At the beginning of the project, Animistic Apparatus commissioned Bandasak to make a short video responding to the ways in which animistic practices across Southeast Asia create potent spaces and conceptualise sites as sovereign terrains of spirits of place. We are delighted to premiere his Central Region at this year’s festival. Bandasak travelled to Sam Neua in Laos to take footage of the pre-historic standing stones scattered across the highlands. Drawing his inspiration from the notion that the standing stones demarcate sacred space by casting a territorial radius, Bandasak uses the filmic technical capacities of dissolving and superimposing images to transfigure the documentary footage he has compiled into a kind of conceptual animation, highlighting the vibrating, trans-temporal quality of the standing stones as living matter and potent nonhuman beings.

Southeast Asia has long been one of the most ecologically diverse regions in the world, and it is now likely to be one of the worst affected by climate breakdown. Among the artists in the region sustaining a durational and politically committed mode of inquiry into relations between human and nonhuman beings, Lucy Davis stands as an important pioneer. We are honoured to present two installations from the Migrant Ecologies Project, an extensive practice-led research project founded by Davis a decade ago to explore the intertwining of nature and culture in Southeast Asia. The video animation Teak Road maps the region through an inspirational artistic process of inquiry into the life of a piece of teak wood that was turned into a bed some decades ago, which the artist found in a second hand shop in Singapore. With a deceptively light touch, the video weaves the memories and speculations of experts and people with first-hand knowledge to create a cartographic tapestry placing this mundane piece of wood into much larger stories of war, colonisation, voyaging, and cosmology.
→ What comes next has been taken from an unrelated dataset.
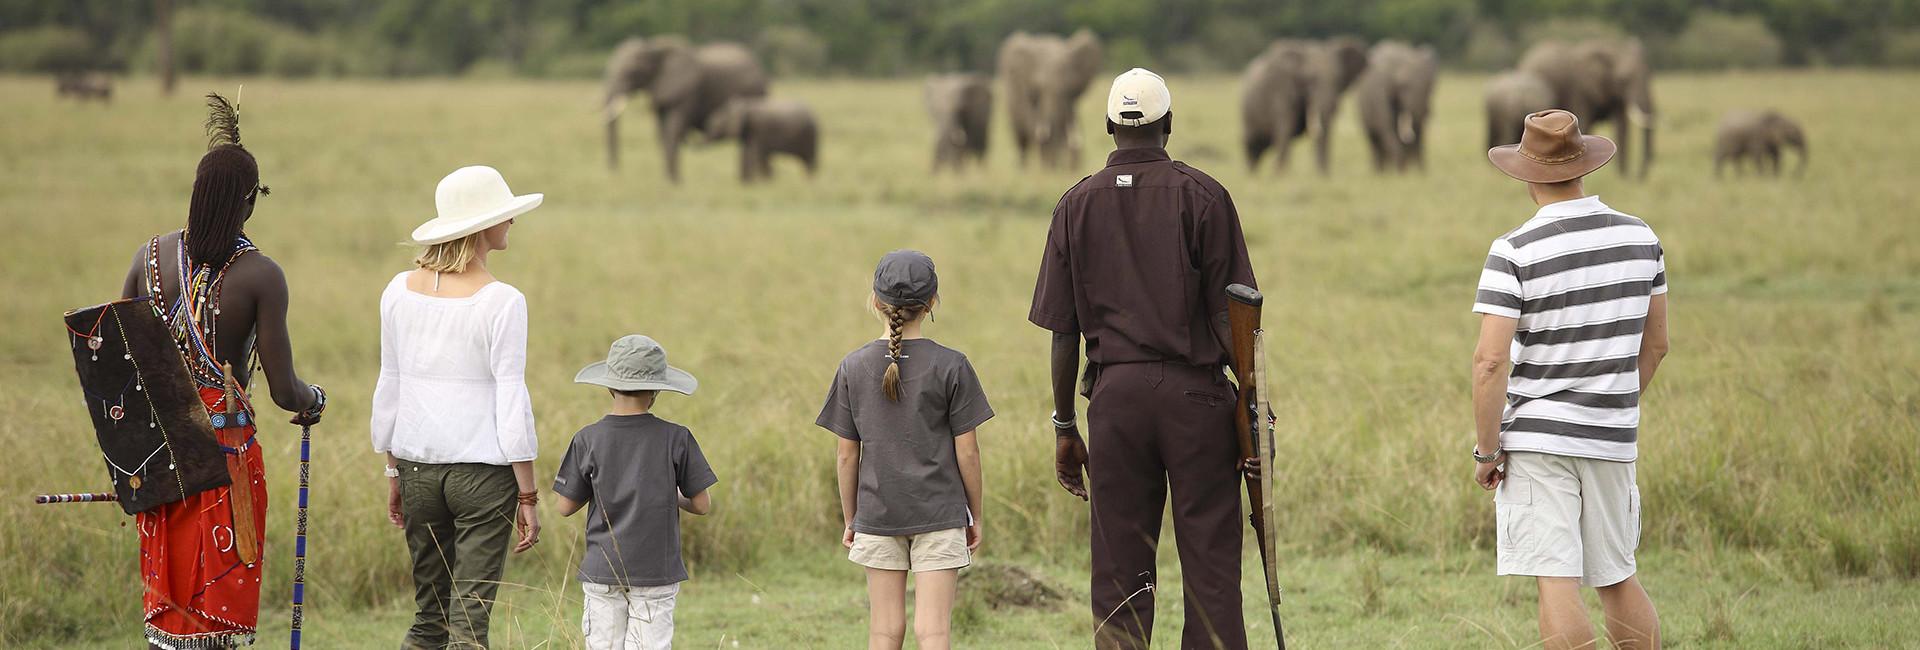 Bateleur Camp Masaai Mara Kenya Safari Tour

Migrant Ecologies Project’s Railtrack Songmaps creates a multimedia archive of rela- tions between people and different species of birds along the railtracks at Tanglin Halt, a historic quarter in Singapore undergoing urbanisation and rapid environmental change. Its iteration at the festival takes the form of a sound assemblage installed in Berwick’s Town Hall Old Gaol. The sounds of bird calls, people’s stories of living with and learning from the birds, and the lyricism of the Malay-language pantun verses inspired by bird songs, make their temporary homes in the cells whose passage of time and past dreams of flight are marked by the graffiti on the wooden wall panels, etched by the prisoners that have passed through these cells, of ships and boats in voyage during the eighteenth century.

We are delighted that Davis, Diaz, Chong, and Bandasak are joining this year’s festival. The durational practices and creative processes of Animistic Apparatus’s featured artists explore ecologies and worlds damaged by colonising ambitions where the potential for change may lie in radical forms of entanglement between ghostly presence, nonhuman beings, and powerless humans.

The artists are speaking about their practices at the first Animistic Apparatus seminar ‘Ecologies and Art in Southeast Asia.’ In the second Animistic Apparatus seminar, the project’s curators join lololol, a collective who participated in the project’s recent field trip in northeast Thailand, and exhibiting artist George Clark, to exchange stories of our experiments with using spaces of ritualistic film projection as sites for artistic practice and inquiry.

Animistic Apparatus is a curatorial and book writing project initiated by May Adadol Ingawanij in collaboration with Julian Ross (University of Westminster). This iteration of the project is guest produced by Bangkok-based curator Mary Pansanga. We are grateful for the kind support of the British Academy’s Mid-career Fellowship; the Centre for Research and Education in Arts and Media (CREAM), University of Westminster; and the Asia-Europe Foundation (ASEF).